Joseph Sebarenzi has every reason in the world to be angry and bitter.
“You can go through a very, very tough situation but that should not hold you down, should not take away your kindness, your purpose. You need to find ways to move forward and continue being kind, do the right thing and pursue your goals,” Sebarenzi said. “In my case, particularly, I endured tragedy beyond understanding with the killing of my father, my mother, my seven siblings — that is a tragedy. But despite that tragedy, I was able to overcome my anger, my bitterness and commit myself to reconciliation, to being kind.”
Sebarenzi was born in Rwanda in 1963 at a time when his country was already experiencing great turmoil and tension between the two ethnic groups: the Hutu and the Tutsi. He is a Tutsi, part the minority group, though he says there is no way you can tell the difference between the two by looking at them.
Throughout his childhood, he and his family narrowly escaped death at the hands of Hutu rebels several times, but when the situation intensified in the 1990s, he was sent away to Burundi.
“I know for a fact that this is a conflict that started very small, but it grew, and grew and grew until it was a genocide,” he said.
His parents, seven siblings and most of his other family members were among the approximately 800,000 Tutsi murdered by the extremist Hutu militia during the 1994 genocide that lasted less than 100 days.
Sebarenzi returned after the genocide to help repair the country he loved. After working as a consultant for non-profit organizations, he was elected the speaker of parliament. He served in this position from 1997 to 2000, when he fled the country to the United States following threats on his life.
Since fleeing the country, he has been a vocal advocate for peace. He has worked with the School for International Training in Vermont, teaching conflict transformation.
He brought his message of peace and understanding to Mississippi State University last night, where he spoke to a group of students on the importance of letting go of anger and forgiving their enemies.

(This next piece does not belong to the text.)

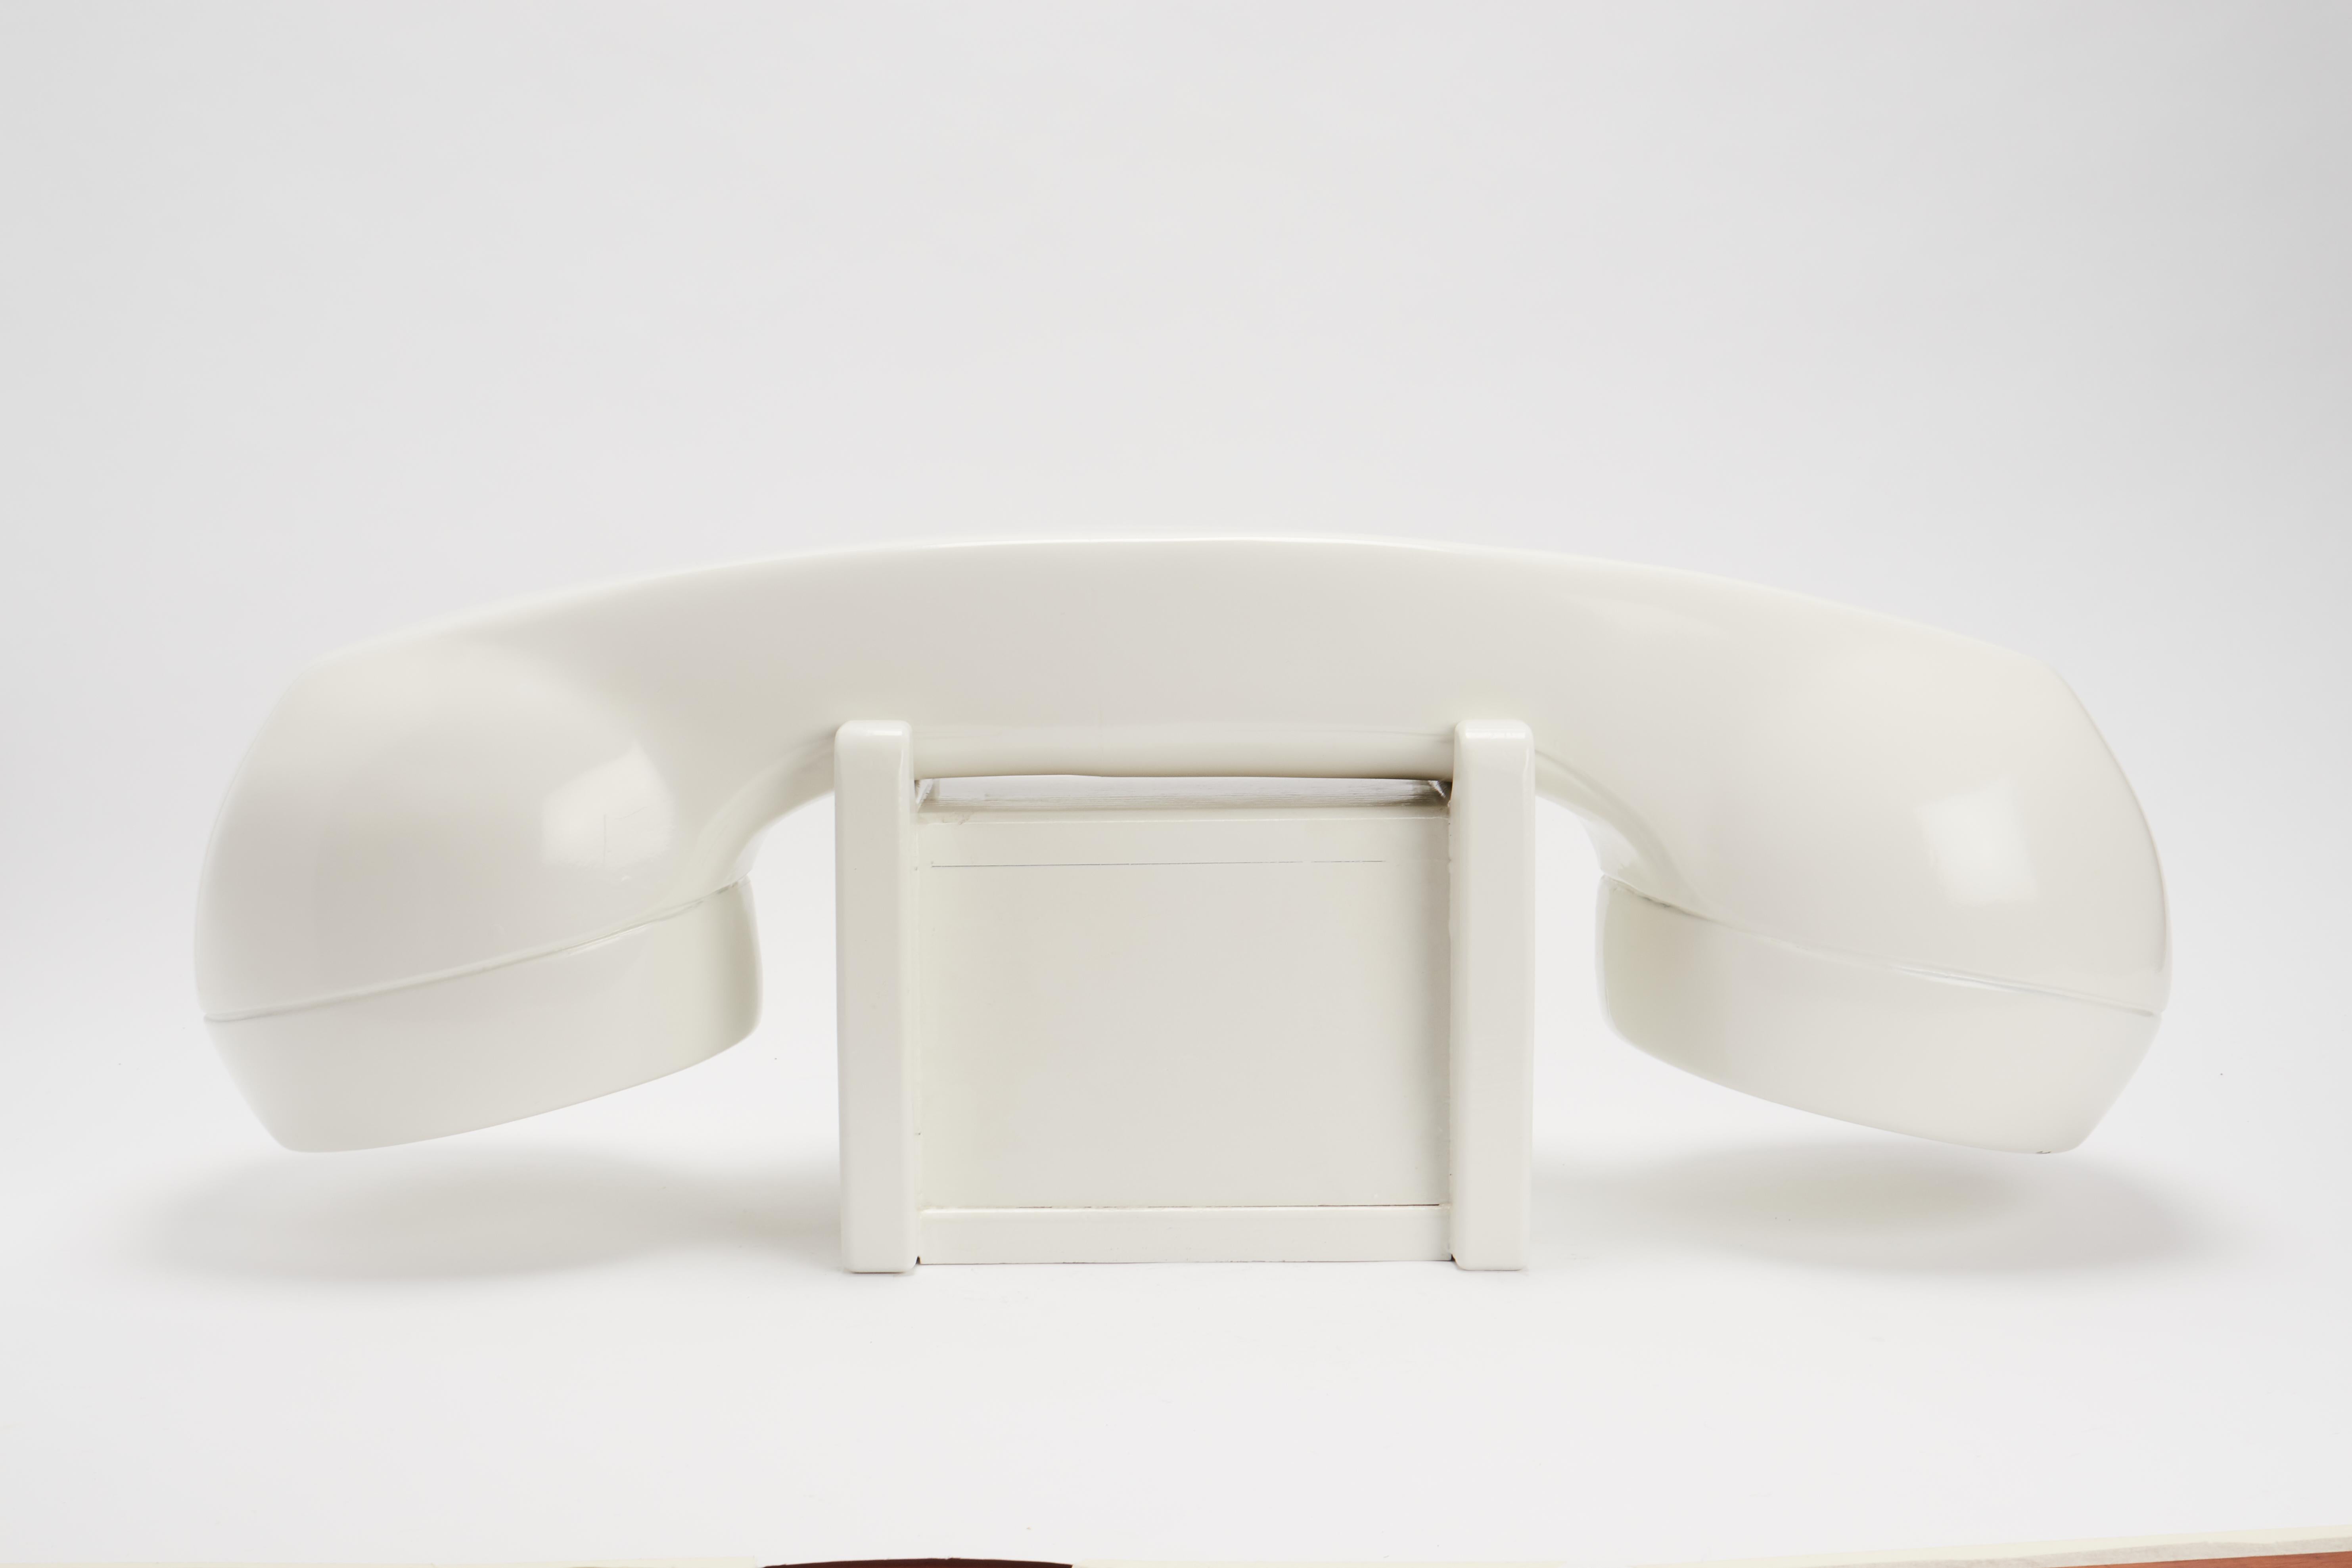 A window trade sign of an American telephone company, depicting a big phone. Carved out of fruit wood, and white enamel painted. USA 1950 ca.

“Each year we celebrate International Education Week and we try to bring in a different speaker that can basically enlighten our students to international issues,” Maria White, assistant dean and director of the Holmes Cultural Diversity Center, said. “It is going to be good for our students to hear a message of hardship and great tragedy that is being turned around and used to bring awareness and enlightenment to people all over the world.”
Sebarenzi said he held on to the anger and resentment for many years, but he had to learn to let it go and move on. He recognized forgiveness was the only way to ensure peace for future generations.

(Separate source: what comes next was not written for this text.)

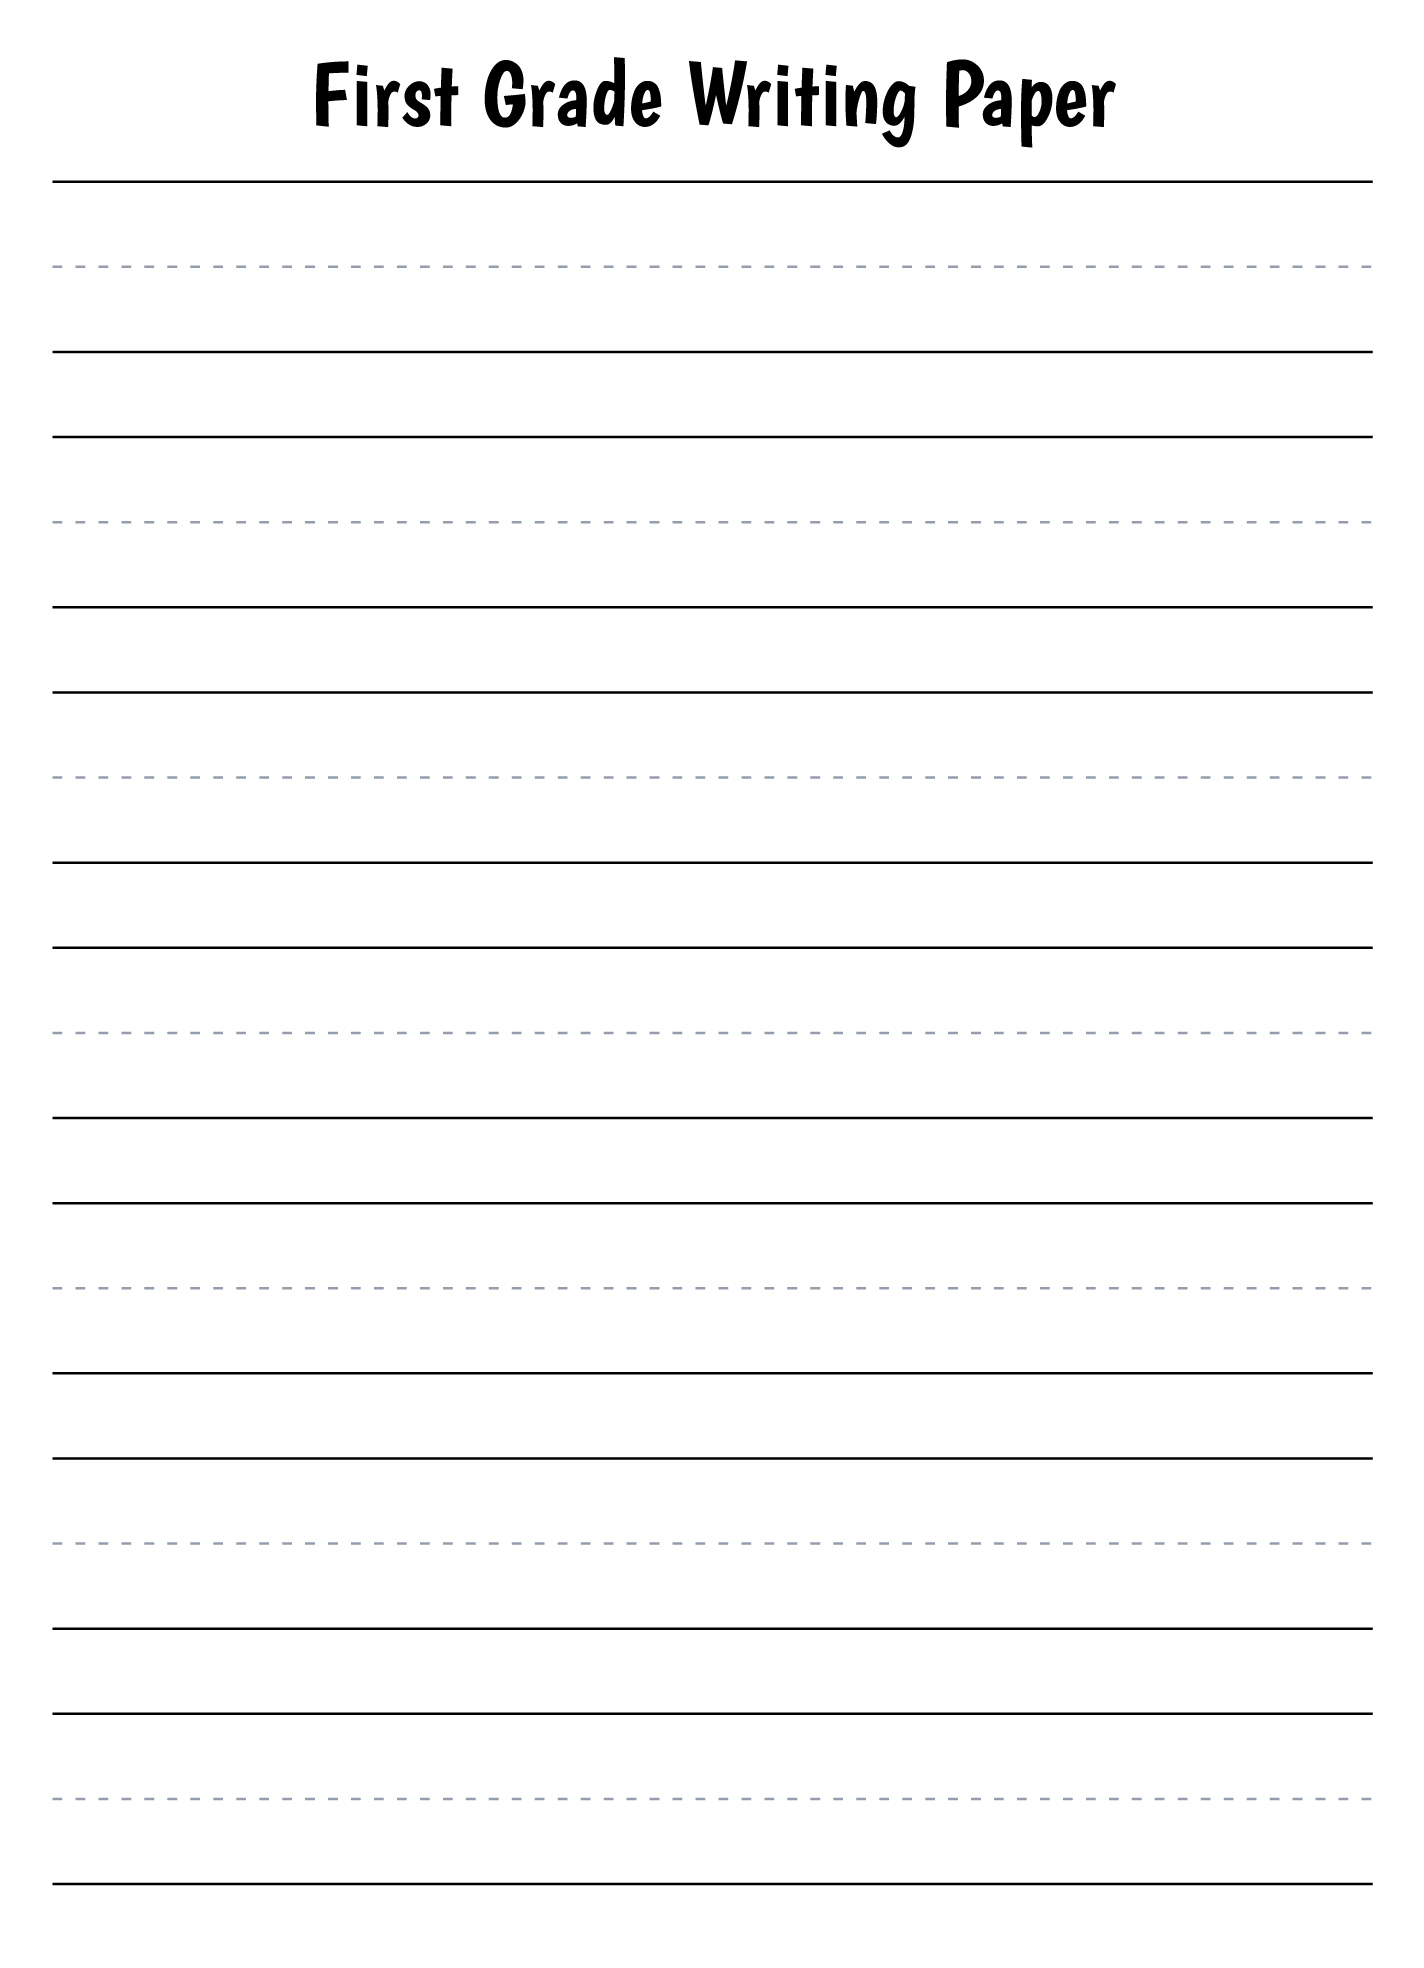 First Grade Lined Paper Free Google Docs Template - Gdoc.io in Free Printable Handwriting Paper For First Grade

“I had to do something to make sure that what happened to my parents, to my siblings does not happen to my children, does not happen to my grandchildren, does not happen to innocent children,” he said. “If you take revenge, you are helping this cycle of violence to keep going. The only thing I was able to do was make a contribution to peace for those who had survived, peace for future generations, peace for my children. I could do something about this.”
Sebarenzi said he also felt he was called by his faith to give up the hate he held in his heart.
“I was raised in a Christian family and like many spiritual faiths — like Islam, like Buddhism, like Judaism — they all teach forgiveness, they don’t teach revenge,” he said. “You cannot forgive a sin, but you can forgive a sinner. I keep telling people, I cannot forgive the genocide, but I can forgive the people that committed the genocide.”
Sebarenzi says he now works to channel the anger into something positive and works to ensure that what happened to his family and his people never happens again. He wrote a book about his experiences following the devastating genocide, called “God Sleeps in Rwanda: A Journey of Transformation.”
“I was able to show kindness, not just to anyone, but also to the people who were involved in the genocide. If I can do that — it’s not easy — many people can do that regarding disappointments they have regarding their boyfriend or girlfriend, or divorce, or loss of money,” Sebarenzi said.